Femi Oke: And Dr. Maathai, you describe culture as being wisdom. So culture is more than just your food, your music, your dancing, it’s wisdom. Now let me get on to your book in terms of a more practical sense. I’m feeling it here and I’m looking at it and it looks like it’s recycled paper.
Wangari Maathai: Precisely. And because we are environmentalists we also embrace the concept of reuse, reduce, recycle. So we are very conscious of the fact that we want to protect the environment. We especially want to protect our trees. So we asked our publisher, Pantheon, if they could come up with recycled paper, and they did! Thank you very much.
Femi Oke: It’s all about you in the next couple weeks. We’ve got April 14, which is when Taking Root: The Vision of Wangari Maathai is out. That’s all about your background, your history. Your book is coming out on April 14 as well. Do you feel this pressure to keep producing material all of the time?
Wangari Maathai: Well I think in many ways this is a wonderful coincidence.
Femi Oke: Really? No…
Wangari Maathai: The two projects have been running parallel. As I said the film has been going on for the last five years. And it just happened that the film was ready, the book was ready and both of them came out at about the same time and so I came here to the United States in order to participate in the launching and encourage people to read.
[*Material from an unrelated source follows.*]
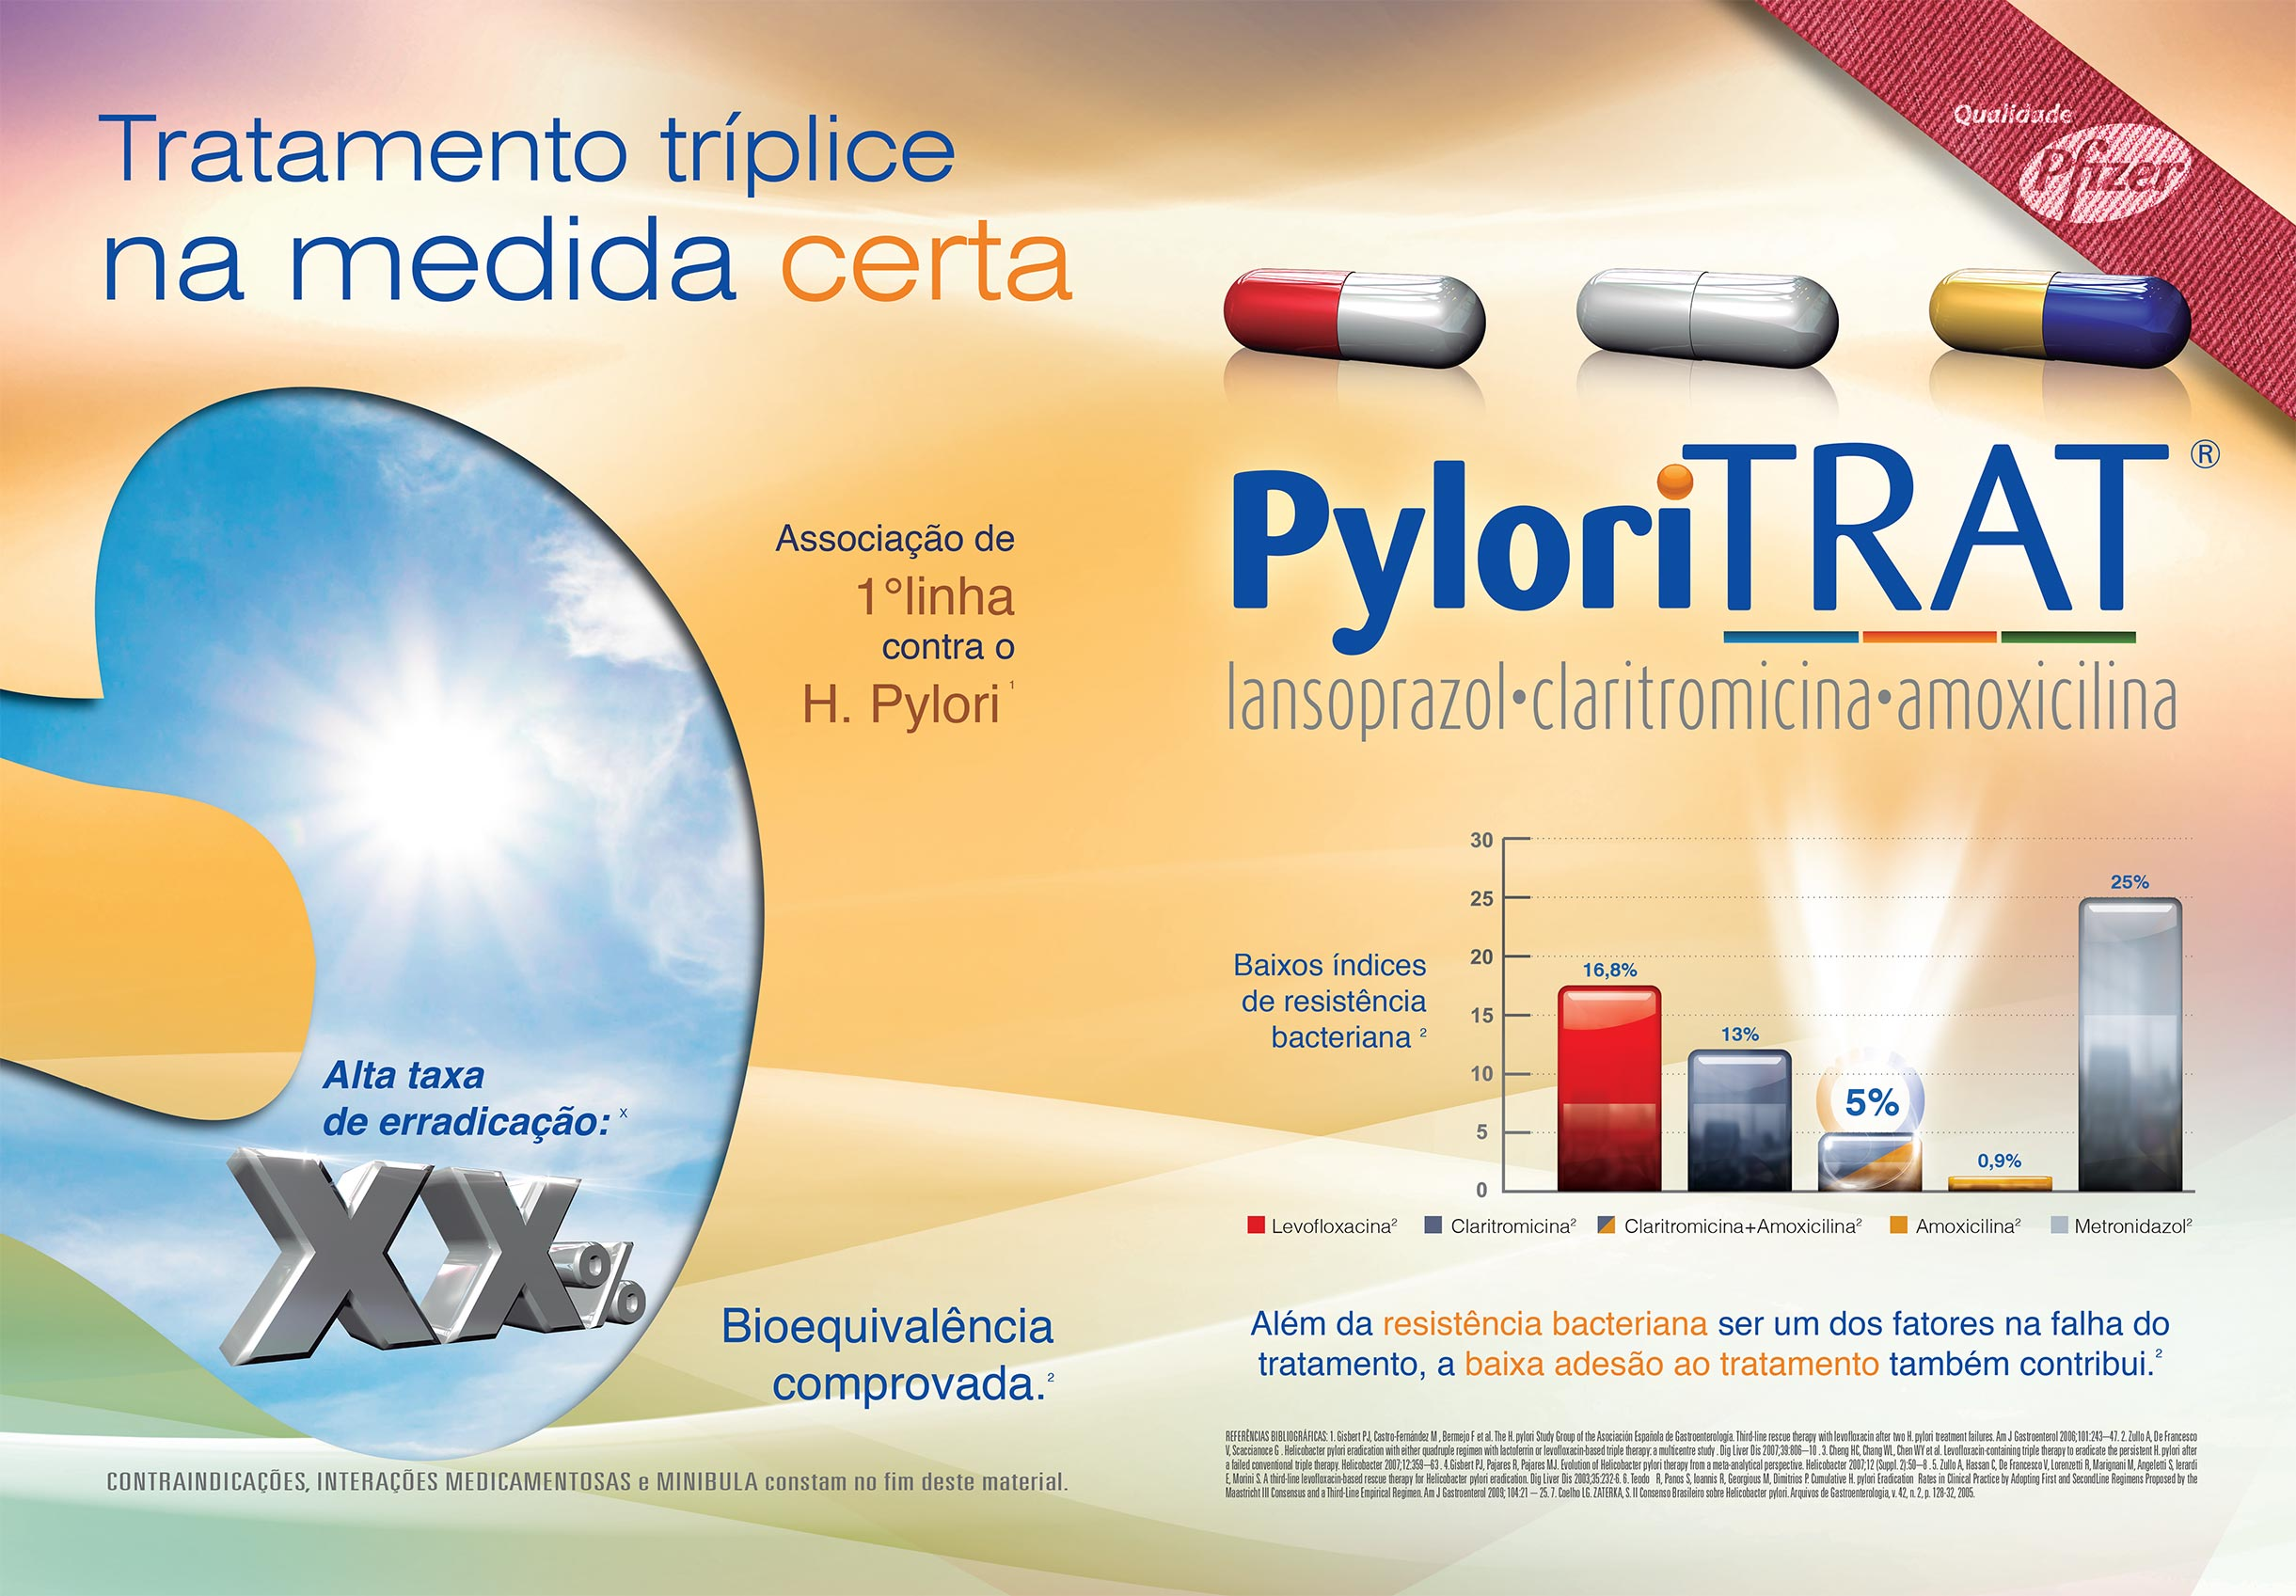 VA Pfizer PyloriTrat
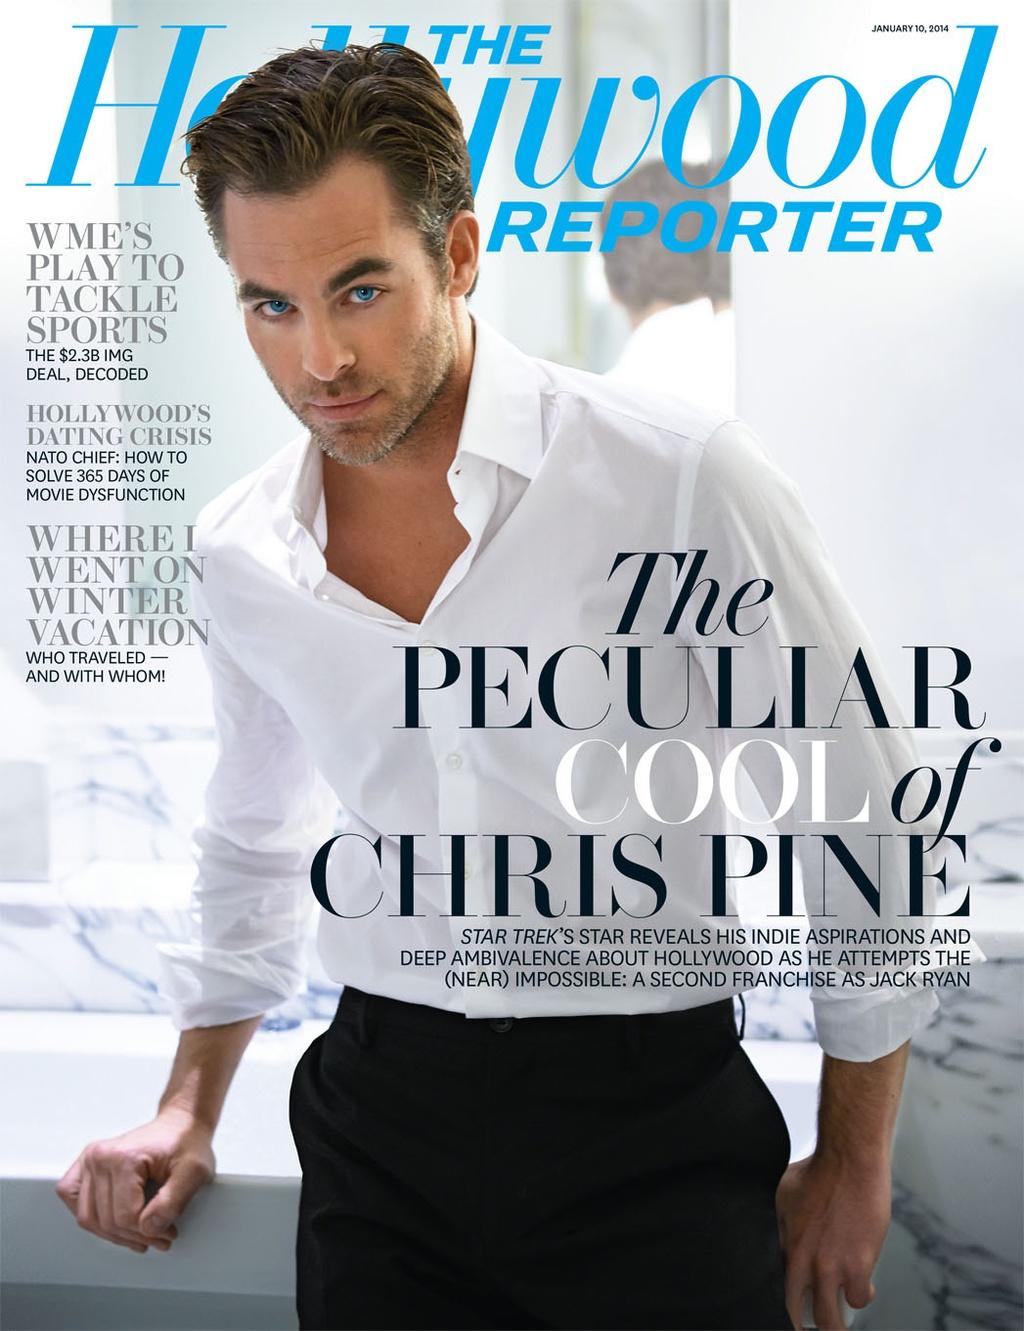 Chris Pine, nguoi dan ong khien trai tim 'Wonder Woman' tan chay hinh anh 16

I think that people who want to understand Africa, want to understand some of the challenges we’re facing, need to read this book.
Femi Oke: That’s a pitch and a half. We do have one question in from a listener. It’s from a Femi in Brooklyn and she wants to ask you, Dr. Maathai, will you adopt her?
Wangari Maathai: Well, I guess we need to talk about that.
Femi Oke: I know adoptions are banned for foreigners in Malawi, but perhaps in Kenya they will still adopt a 40-something year old.
Wangari Maathai: In Kenya we do, we will certainly adopt you. Come with me today!